A Jan. 6, posting on features a character that rarely has a starring role in most city-wide media reports – Austin's good side.

Mason Johnson, a web content producer, puts Austin's reputation for crime into some perspective while also touting some of its most overlooked assets.

"One of Chicago's largest communities, Austin is notorious for having more homicides than any other Chicago community area, the sole fact most outsiders know about the neighborhood," he writes.

But this would only be half the story, Mason insists.

"Austin has seen progress when it comes to violence," he notes. "Looking at a span of 16 years, things have improved. Comparing 1998 to 2013 shows that homicides in Austin have been cut in half—slightly better than the percent decrease of the city as a whole.

"Also, to judge Austin by its total number of homicides is misguided. When looking at Austni's homicide rate per 100,000 people, which factors Austin's 98,514 residents into the equation – more than any other community area in Chicago – things look drastically different. Austin may have had the most homicides in 2013, but its homicide rate for 2013 shows a different picture – there were 19 neighborhoods with rates that were higher."

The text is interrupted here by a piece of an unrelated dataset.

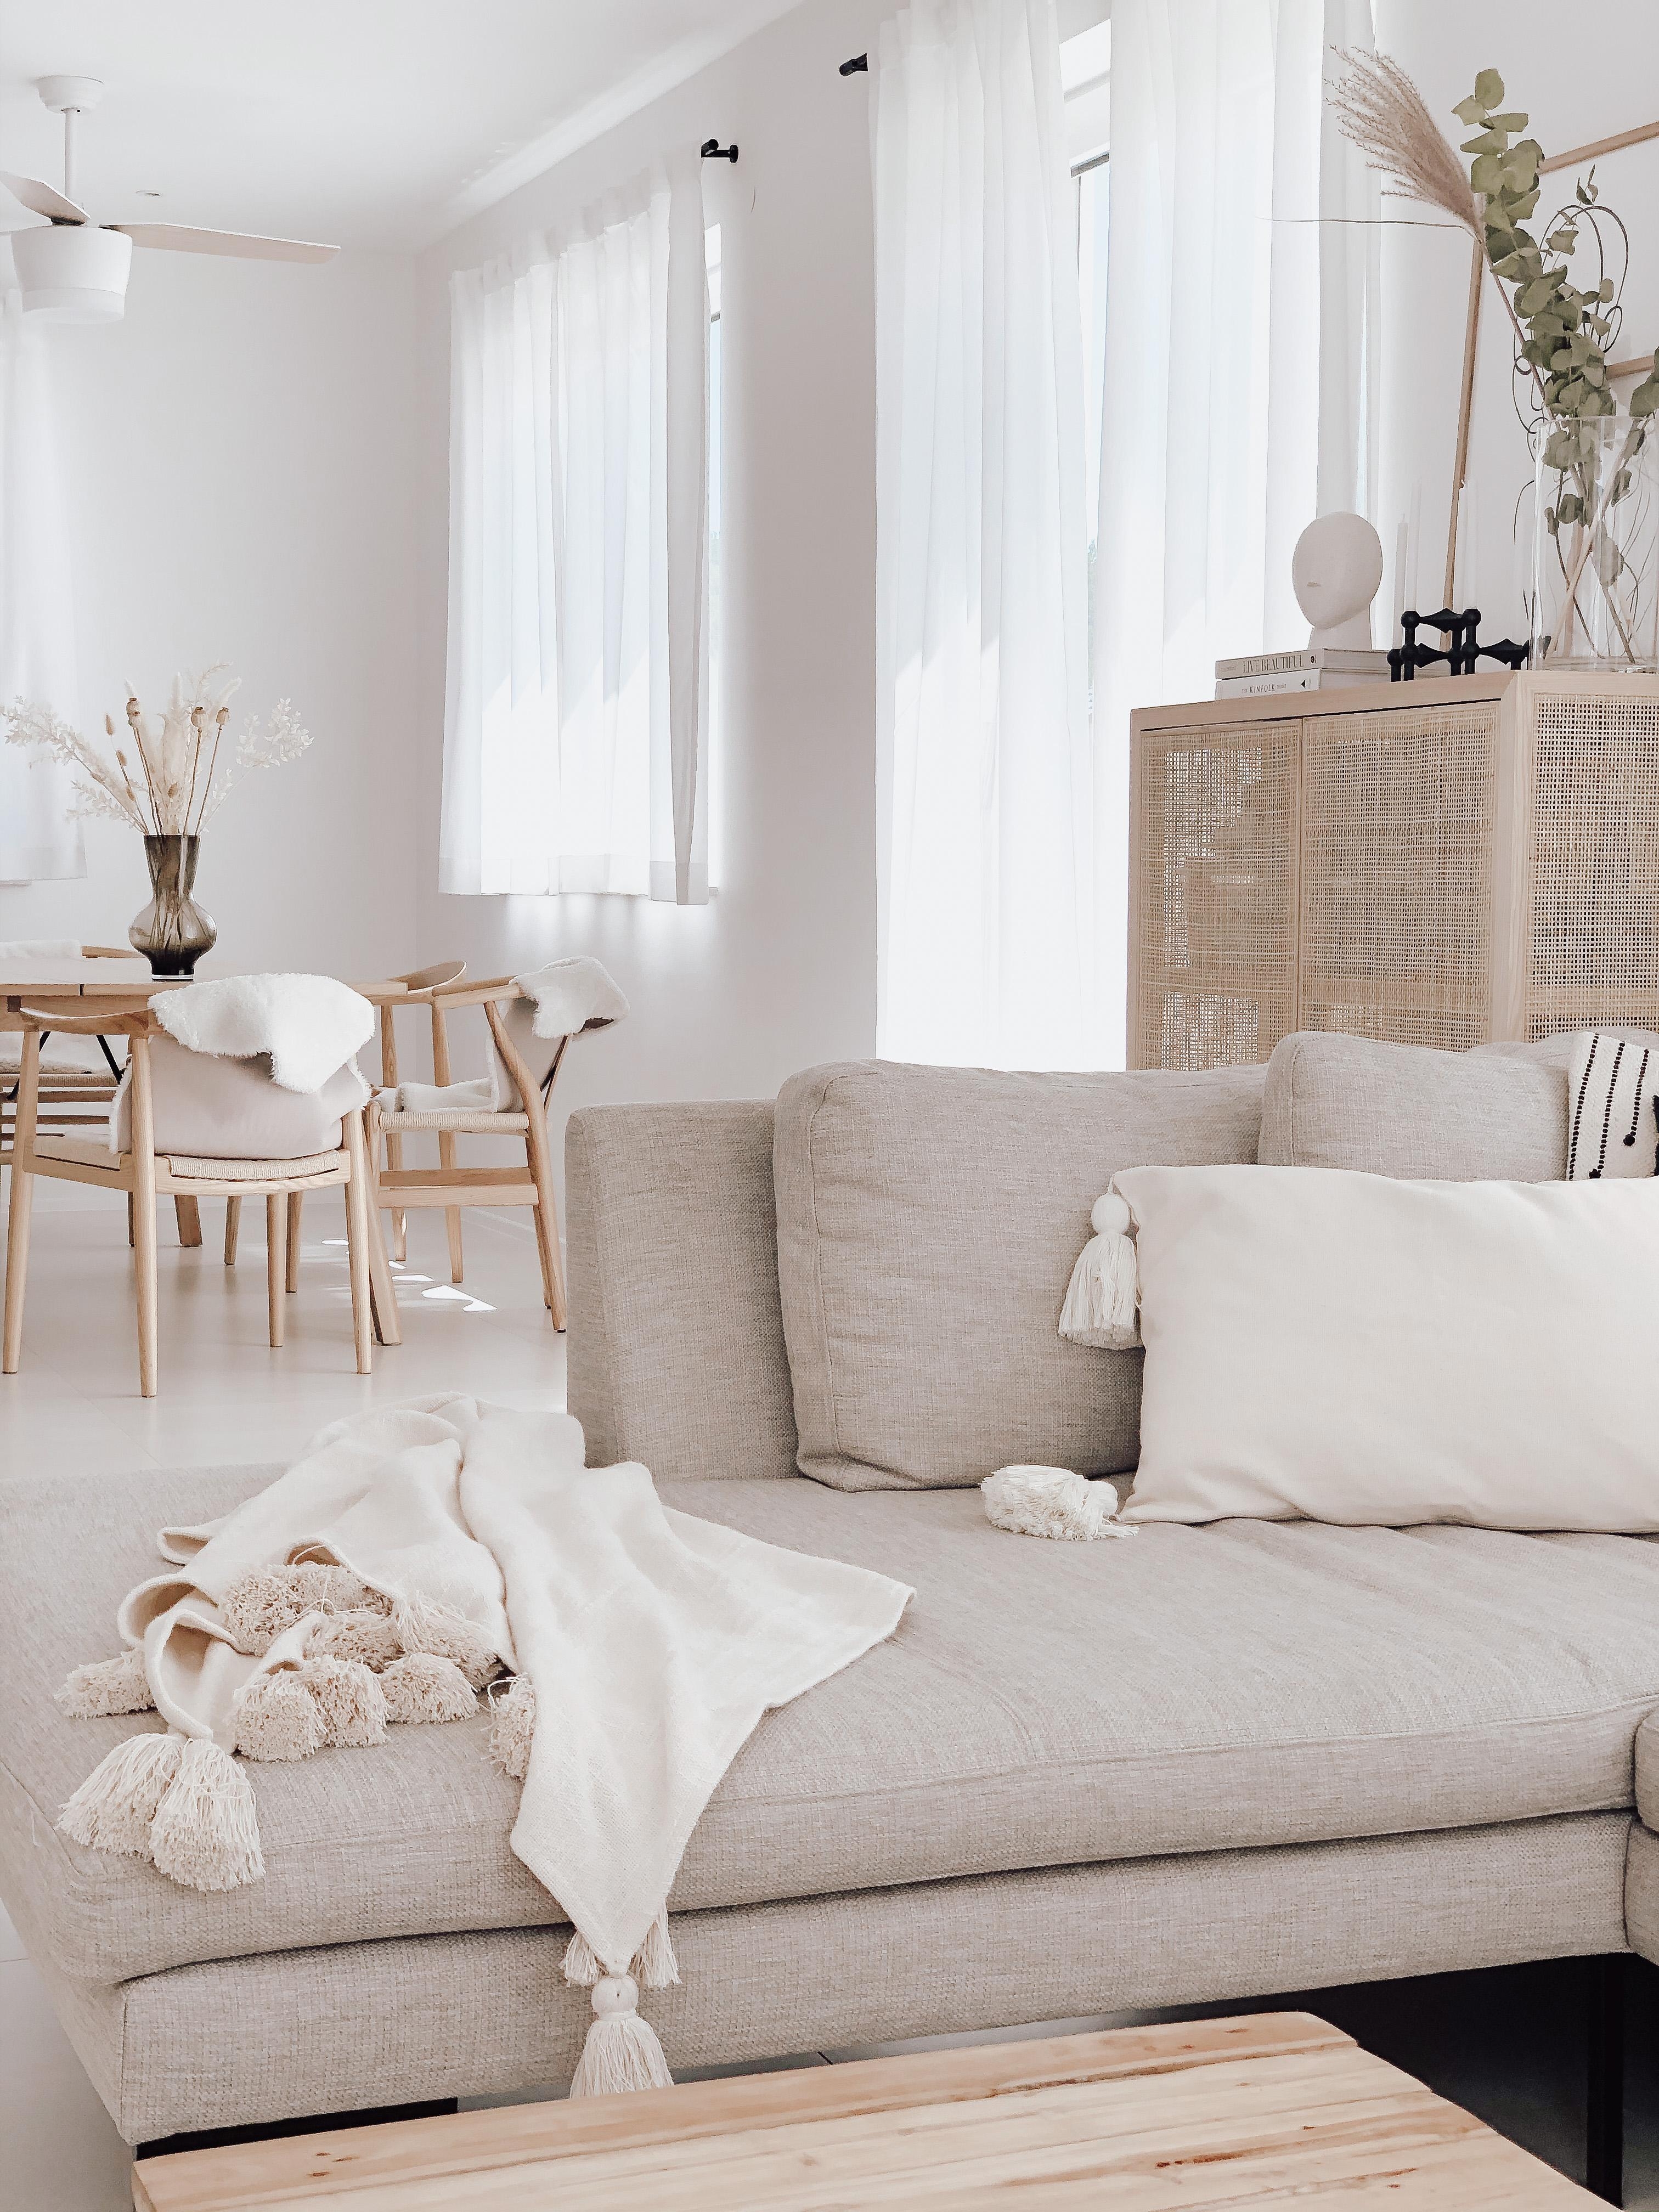 Viele Fenster, hohe Decken, zusammen mit einem hellen Farbkonzept. Frei, hell, luftig und gemütlich. #livingroom #inspo

Austin, Mason rightly points out, is more than crime. It's Serrell's Finer Foods. It's MacArthur's Restaurant. It's dynamic nonprofits such as Austin Coming Together and Kidz Express. Mason finds room to shine a glimmer of light on them all.

And the more light that is focused on these often hidden treasures, the better outsiders can see what Austin residents and activists and workers like Darnell Shields already know with their eyes closed.

"The people in Austin are hardworking middle class [people] who take pride in being resilient survivors," Shields told Mason.

And Mason listened. Now, if more major media outlets do the same …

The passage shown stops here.